Solves: efficient sync. Without it, every reconnect would have to enumerate every file in the tree to find what changed — pathological for users with 100k+ files.

⑤ Message Queue (Kafka / SQS)

Buffers change events between the sync service (producer) and notification servers (consumers). Each ChangeEvent carries {ws_id, version_id, kind} — small, fast, ordered per workspace. Why insert a queue here? Because fanout is fundamentally async — a single commit may need to notify 50 000 subscribers; the upload should not wait for that fanout.

Solves: decoupling + back-pressure. Producer and consumers scale independently. A notification-server slowdown can't block the upload commit.

⑥ Notification Server

Holds long-poll (or WebSocket) connections from every online device. When the queue delivers a ChangeEvent for a workspace, it pushes to all subscribers of that workspace. Sticky-LB'd on workspace_id so subscribers consolidate on a few nodes per workspace — easier and cheaper to fan out. Mobile usually opts out and uses APNs/FCM pushes instead, for battery and data reasons.

Solves: real-time multi-device sync. Polling every few seconds is wasteful (most polls return nothing) and laggy. Push delivers near-instantly.

⑦ Metadata DB

Sharded relational DB — Postgres / MySQL / Spanner. Stores users, files, file_versions, file_chunks, chunks, acl tables. Sharded by user_id / workspace_id using consistent hashing so a user's entire tree co-locates on one shard — folder listings and ACL checks hit one box.

Solves: consistent state with ACID guarantees. The chunk-list-of-a-version invariant must be atomic — a half-written version is a corrupted file. NoSQL would force application-level reconciliation we don't need.

⑧ Metadata Cache

Memcache/Redis sitting in front of the metadata DB. Caches the read-heavy hot rows: open folders, ACL rows, recent file-version pointers, dedup-check results. Writes invalidate: when the metadata service commits a new version, it punches the cached file row. ACL TTLs are kept short (≤ 60 s) because stale shares are a security bug, not just a perf bug.

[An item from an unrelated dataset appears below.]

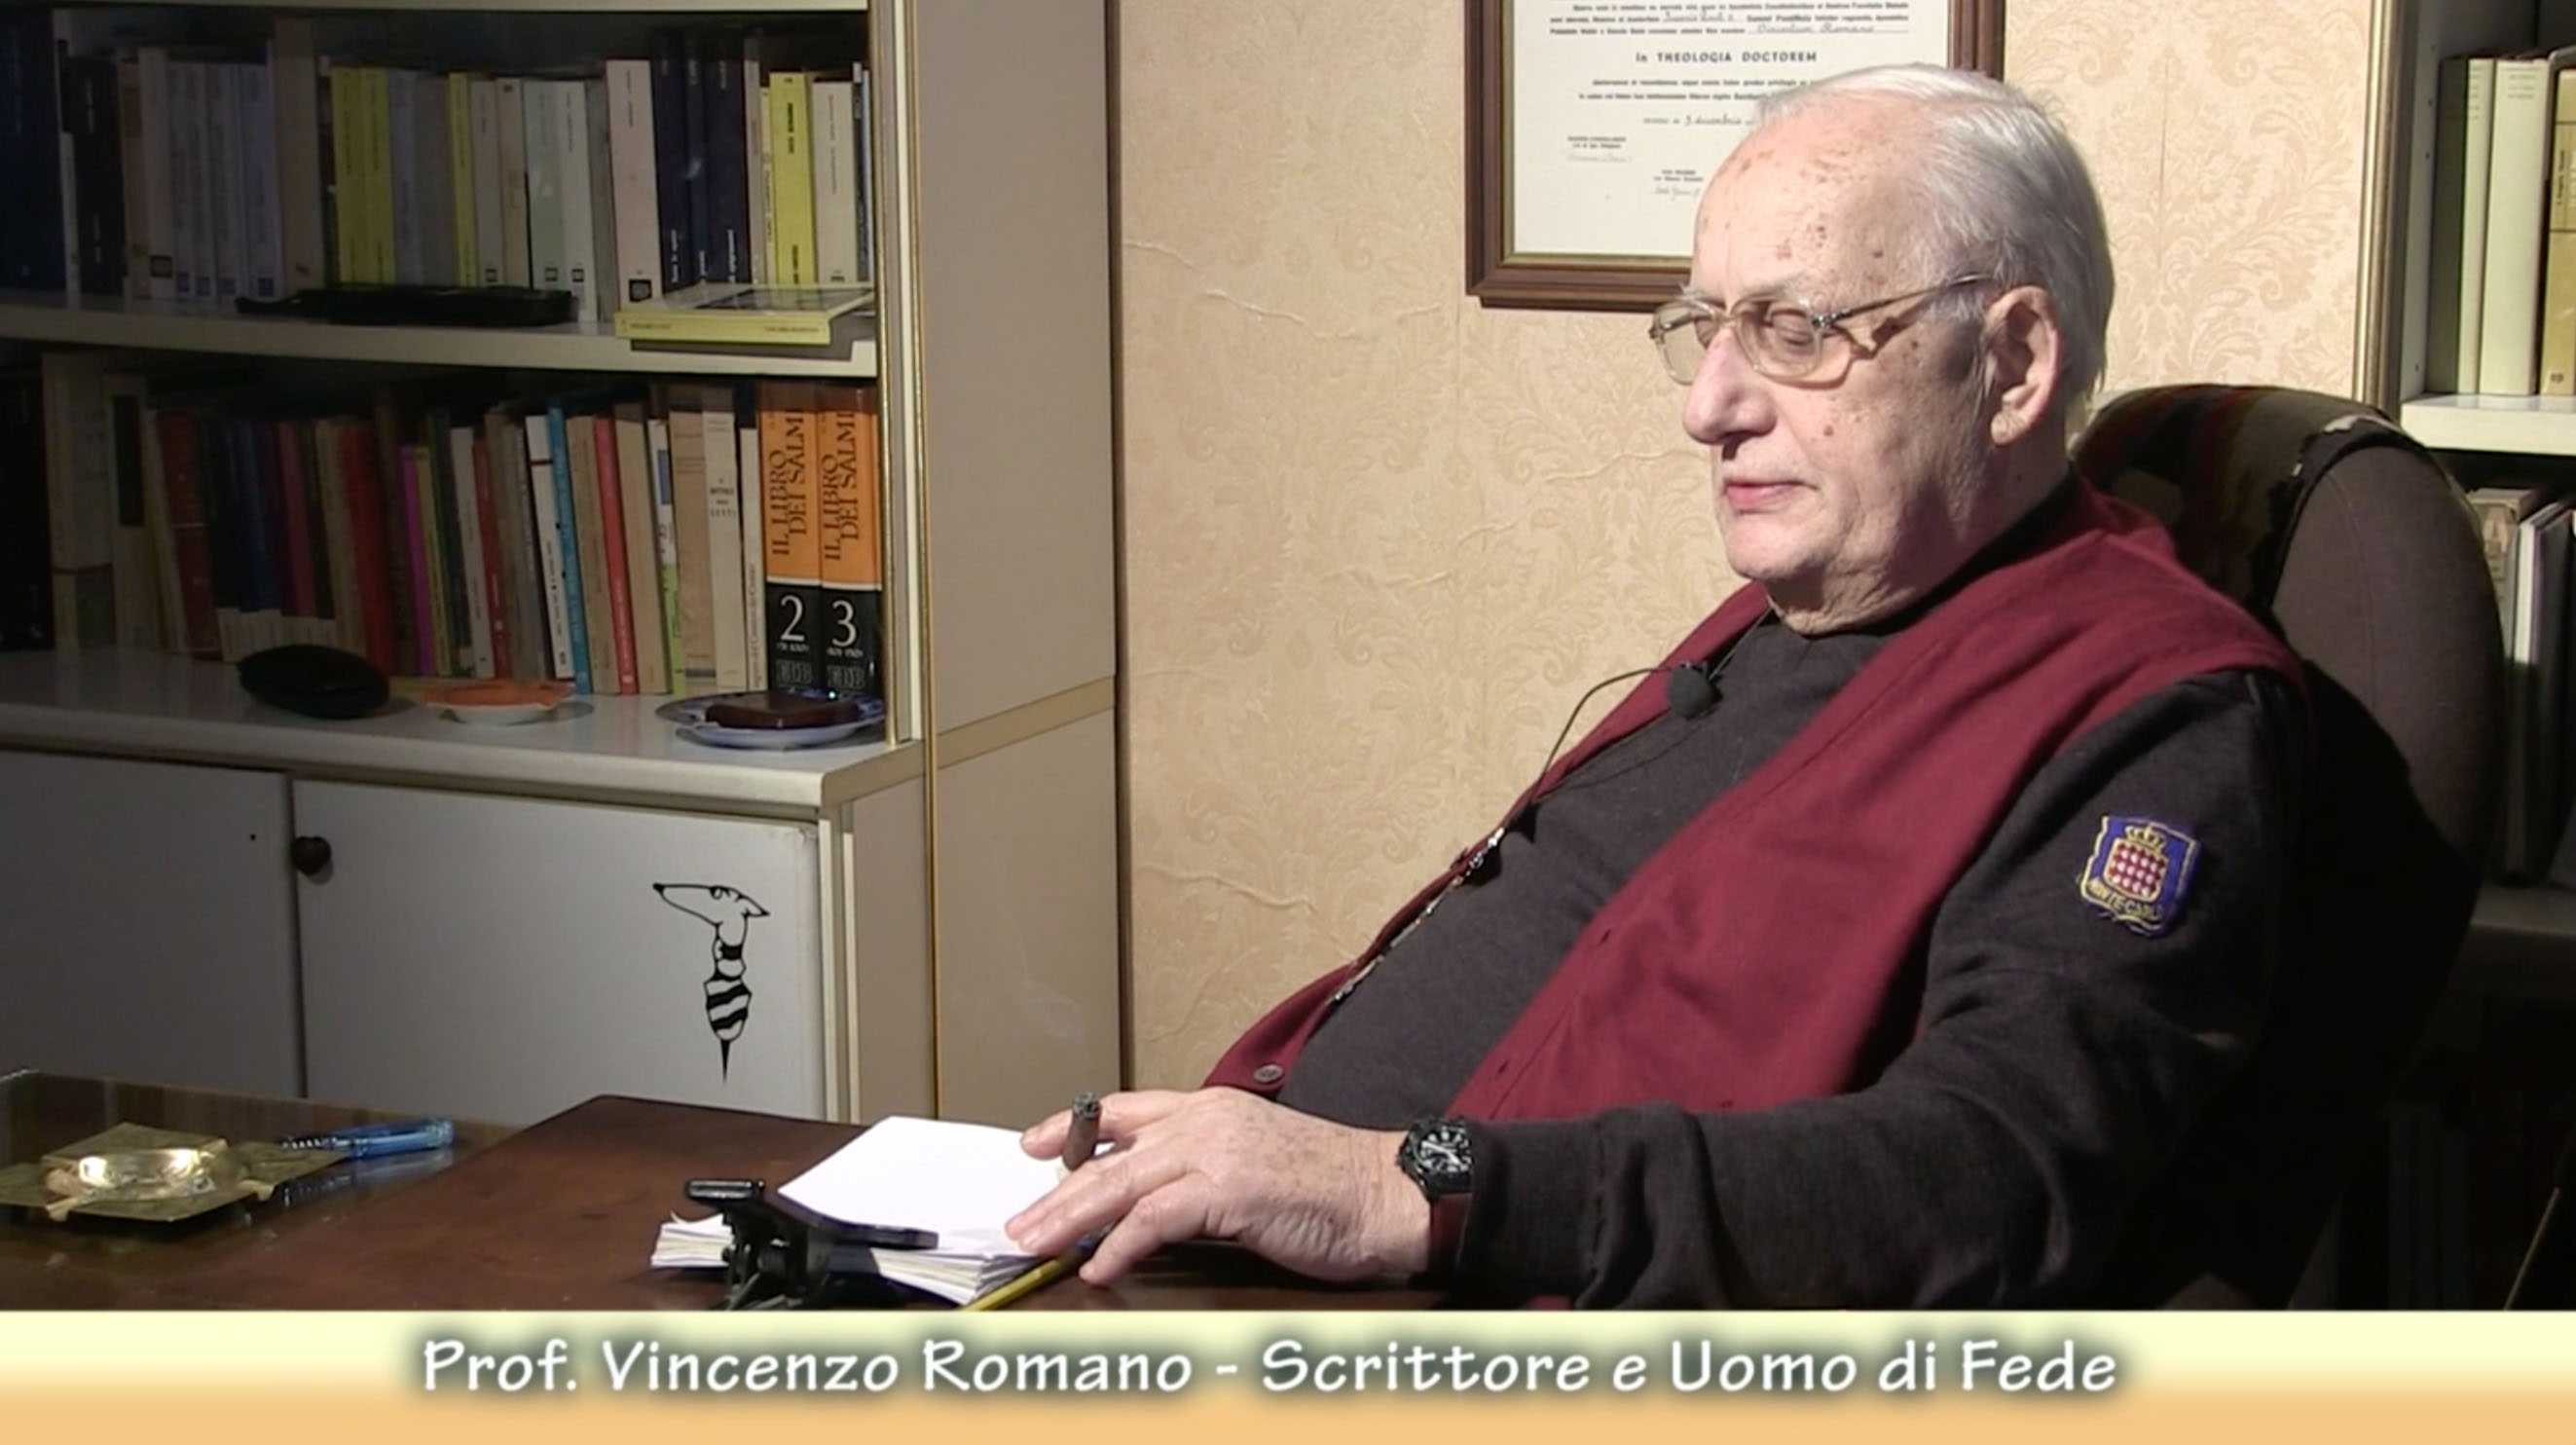 Vincenzo Romano – Scrittore e uomo di fede

Solves: read amplification. Every "open folder" or "list workspace" call would hit the DB without a cache. At 95%+ hit rate the DB only sees writes + cache misses.

⑨ Block Storage (S3)

The actual chunk bytes live here, content-addressed by chunk_hash (SHA-256 of the chunk content). Same hash → same object → automatic dedup at the storage layer. Replication, erasure coding, cross-region failover, 11-nines durability — all handled by S3-class systems. Critically: clients upload directly via presigned URLs — bytes never traverse our app servers.

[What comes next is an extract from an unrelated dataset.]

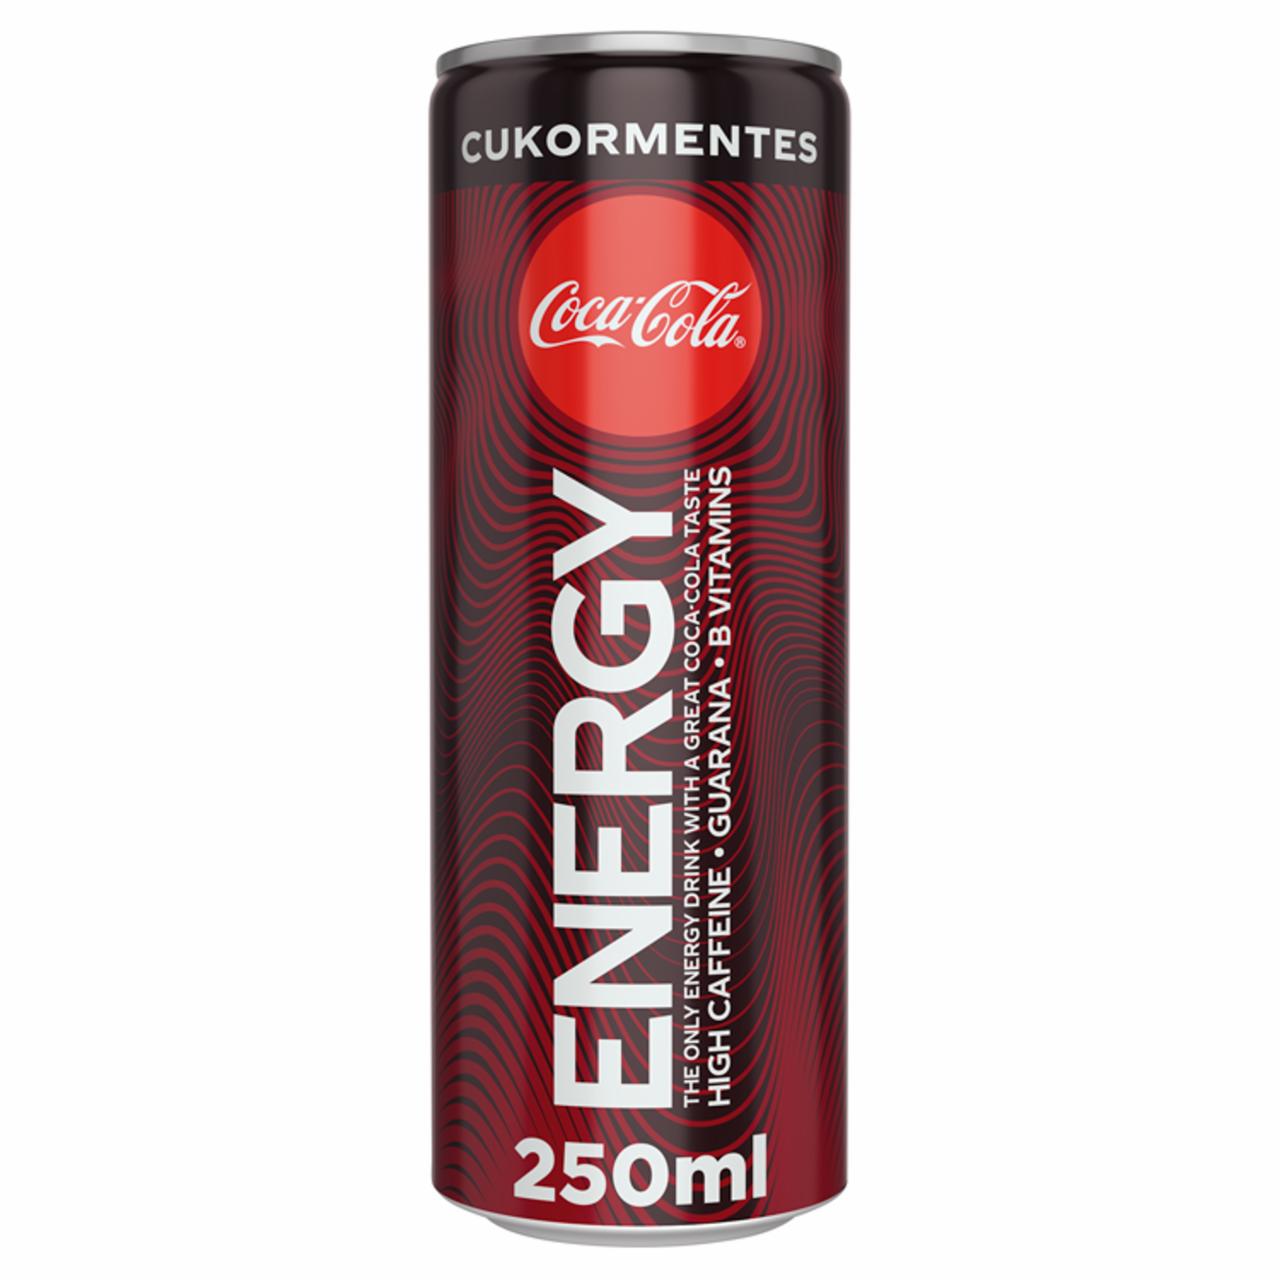 Képek - Coca-Cola Energy cukormentes ízesített szénsavas energiaital 250 ml

Solves: durability + petabyte scale. Building this ourselves would cost years and a whole org. We offload the hard problems and keep our own service tier small and stateless.

⑩ CDN / Edge Cache

Caches popular chunks at the network edge close to the user. Cache key is the immutable chunk_hash, so cache invalidation is a non-problem. Especially powerful for shared files: a viral "all-hands.mp4" downloaded by 50 000 employees → after the first few requests, every other download is served from a POP near the user.

Solves: origin pressure + global latency. Without a CDN, every download from Sydney round-trips to us-east. With it, the origin sees ~K requests instead of M, and users get sub-100 ms downloads regardless of geography.

Putting it together — a concrete walkthrough

Sarah edits roadmap.docx on her laptop. It's a 12 MB file; she changed two paragraphs. Here's exactly which components touch the request, and why each one is on the path.

Watcher sees the FS event on the laptop and notifies the chunker.
Chunker splits the new file into 3 × 4 MB chunks, hashes each, and compares against the local index. Two hashes match (unchanged); one is new.
Client calls BeginUpload on the Metadata Service through the Load Balancer — sends all 3 hashes.
Metadata Service hits the Metadata Cache first to dedup-check. Two hashes are present; one is missing. Returns "upload chunk #2 only."
Client uploads just chunk #2 directly to Block Storage via a presigned URL. Bytes never touch our app servers.
Client calls CommitUpload. Metadata Service writes a new FileVersion row + 3 FileChunk rows to the Metadata DB, atomically bumps current_version.
On commit, Metadata Service hands the changeset to the Sync Service, which publishes a ChangeEvent to the Message Queue.
The Notification Server holding Sarah's phone's long-poll connection receives the event from the queue and pushes "ws_42 changed."
Sarah's phone calls GetChangesSince on the Metadata Service, gets back "version v100, missing chunk #2."
Phone fetches chunk #2 from CDN (which pulls from Block Storage on cache miss), assembles the file locally. Done.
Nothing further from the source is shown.